The upside to all this is that, unless you are a major corporation with thousands of employees and billions in annual revenue to worry about, you definitely do not need anywhere near that much coverage.  However, cyber insurance is definitely something that any small business or private medical practice should consider, especially those of you who maintain BYOD environments.

The Department of Homeland Security (DHS) has already begun setting guidelines and hosting workshops for cyber insurance providers, in order to facilitate the growth of this quickly expanding and highly needed service, stating that “Cybersecurity insurance is designed to mitigate losses from a variety of cyber incidents, including data breaches, business interruption, and network damage. A robust cybersecurity insurance market could help reduce the number of successful cyberattacks by: (1) promoting the adoption of preventative measures in return for more coverage; and (2) encouraging the implementation of best practices by basing premiums on an insured’s level of self-protection” (DHS.gov).  

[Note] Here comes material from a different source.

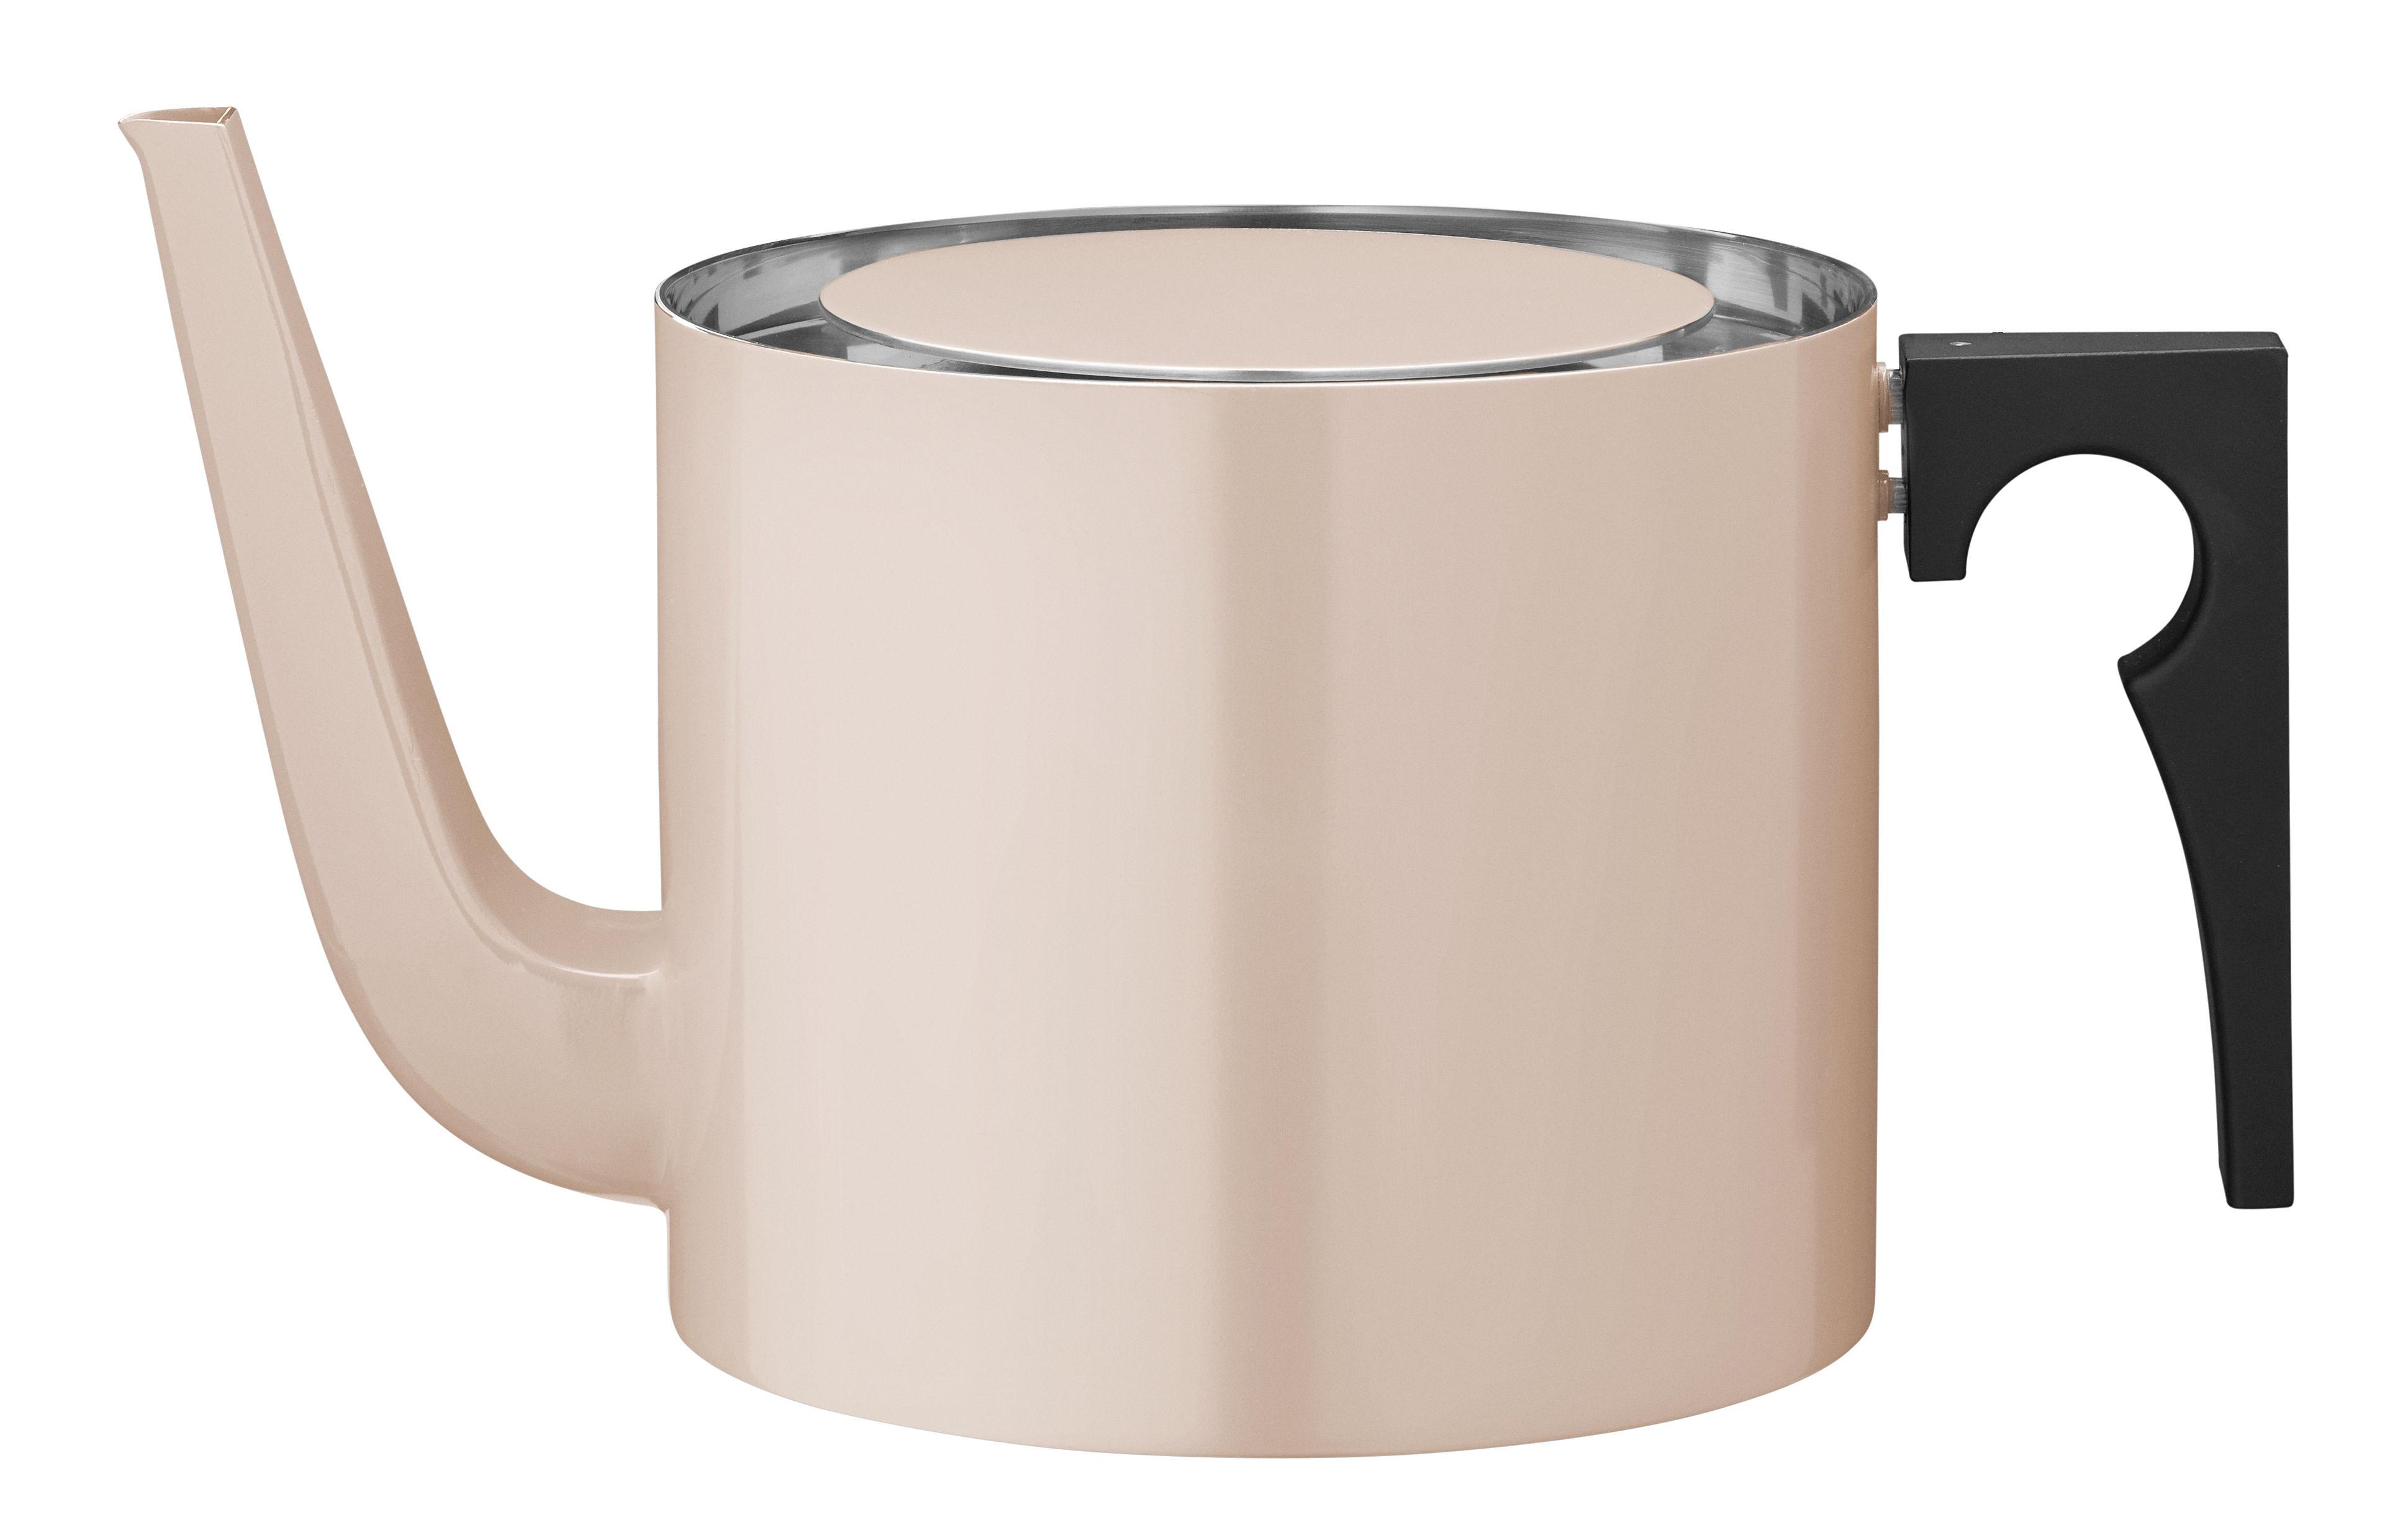 Arts de la table - Thé et café - Théière Cylinda-Line / 1,25 L - Arne Jacobsen, 1967 - Stelton - Rose poudré - Acier inoxydable émaillé, Bakélite

When it comes to purchasing cyber insurance, as with any other form of insurance, one has to know the dos as well as the don’ts.  There are a lot of things to consider, watch out for, and/or avoid—premiums vs. deductibles, unexpected/hidden coverage exclusions, hardware requirements, policy restrictions, and more.  In the second half of this series, we will take a closer look at the details of cyber insurance policies so that, when and if you decide to invest in this new form of asset protection, you will be able to do so from an informed perspective.